__How to complete this task__:
In the data below, find the line containing "The Beach House"; transcribe it and each line after it exactly, through the last, skipping pictures.

__Stored data__:
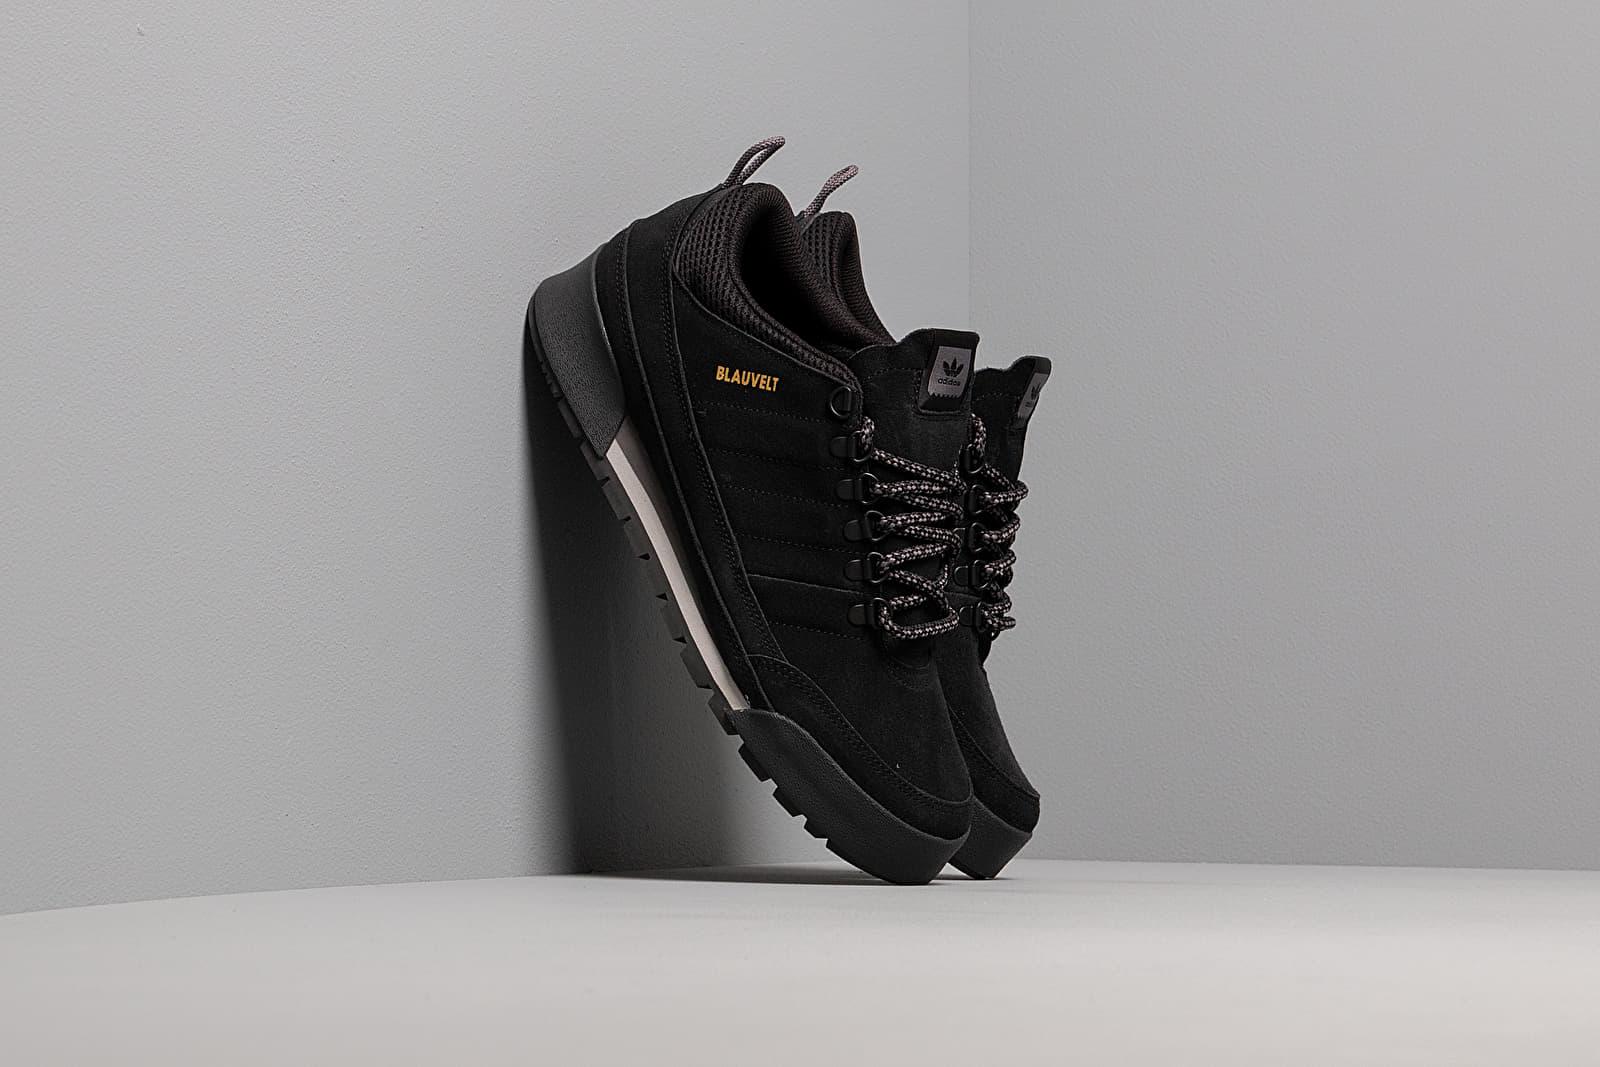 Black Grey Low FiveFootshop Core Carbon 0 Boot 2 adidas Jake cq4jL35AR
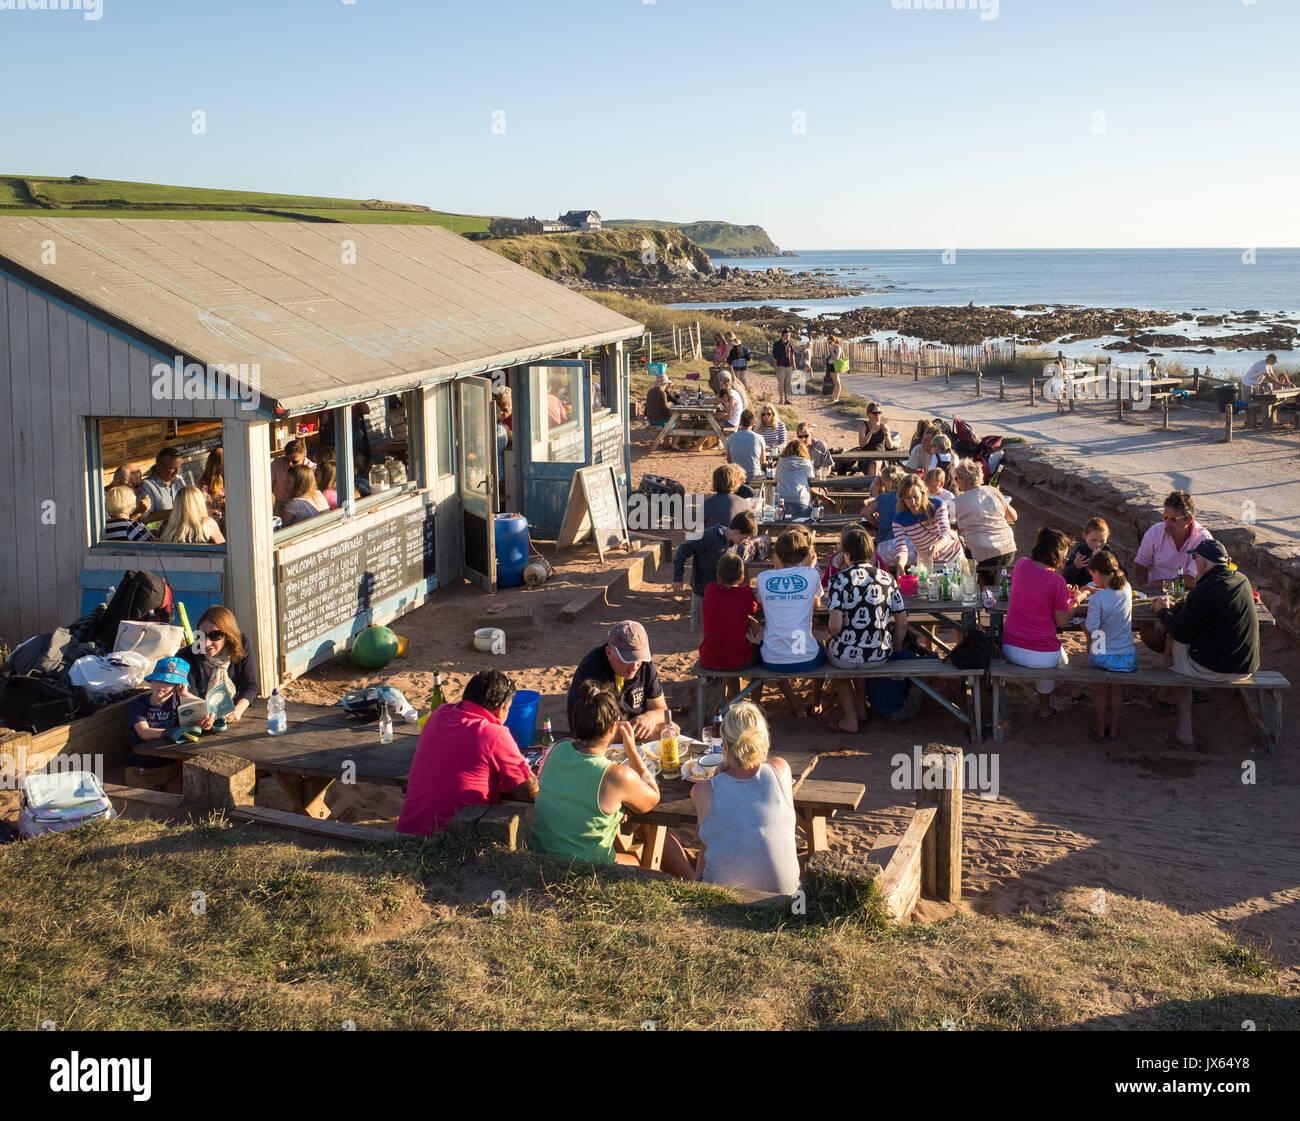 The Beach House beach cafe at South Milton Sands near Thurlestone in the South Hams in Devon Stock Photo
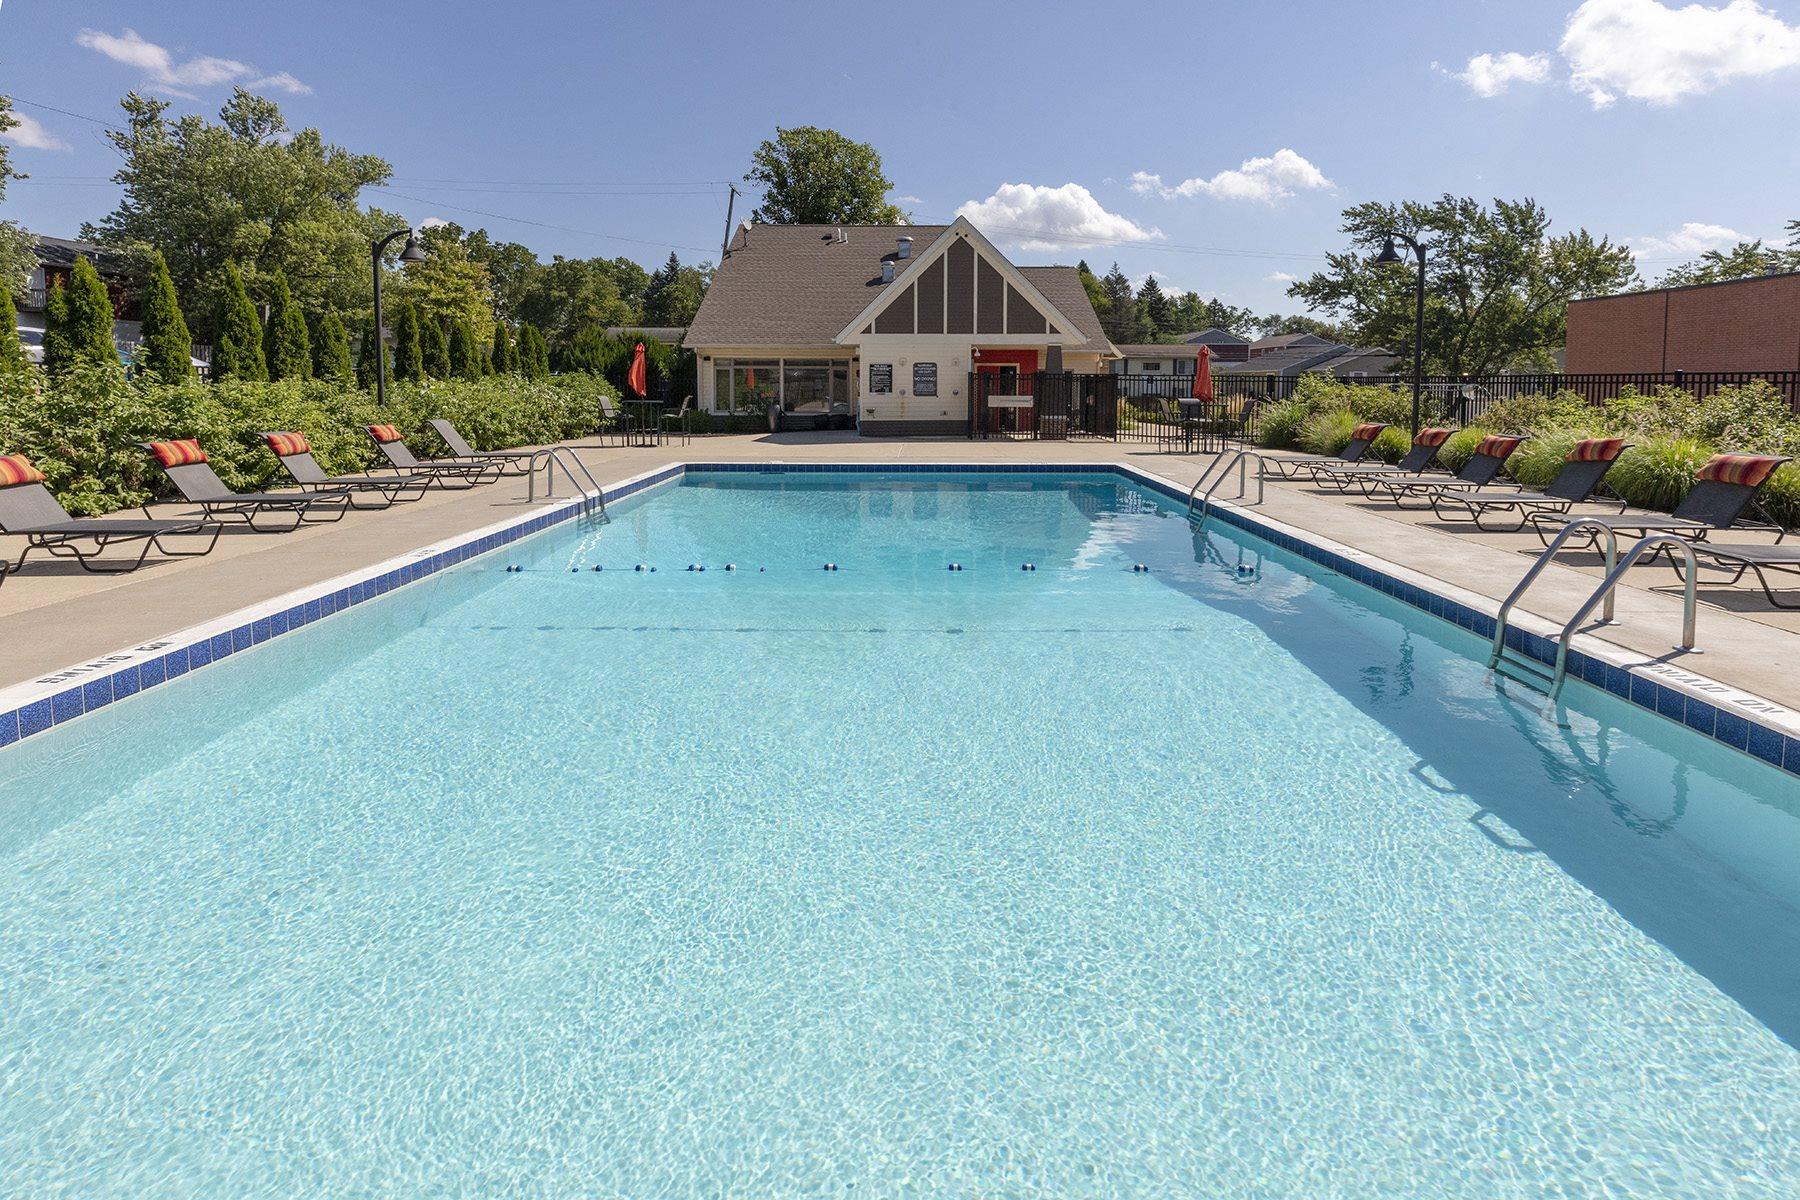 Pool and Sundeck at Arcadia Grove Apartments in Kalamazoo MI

__Result__:
 The Beach House beach cafe at South Milton Sands near Thurlestone in the South Hams in Devon Stock Photo
 Pool and Sundeck at Arcadia Grove Apartments in Kalamazoo MI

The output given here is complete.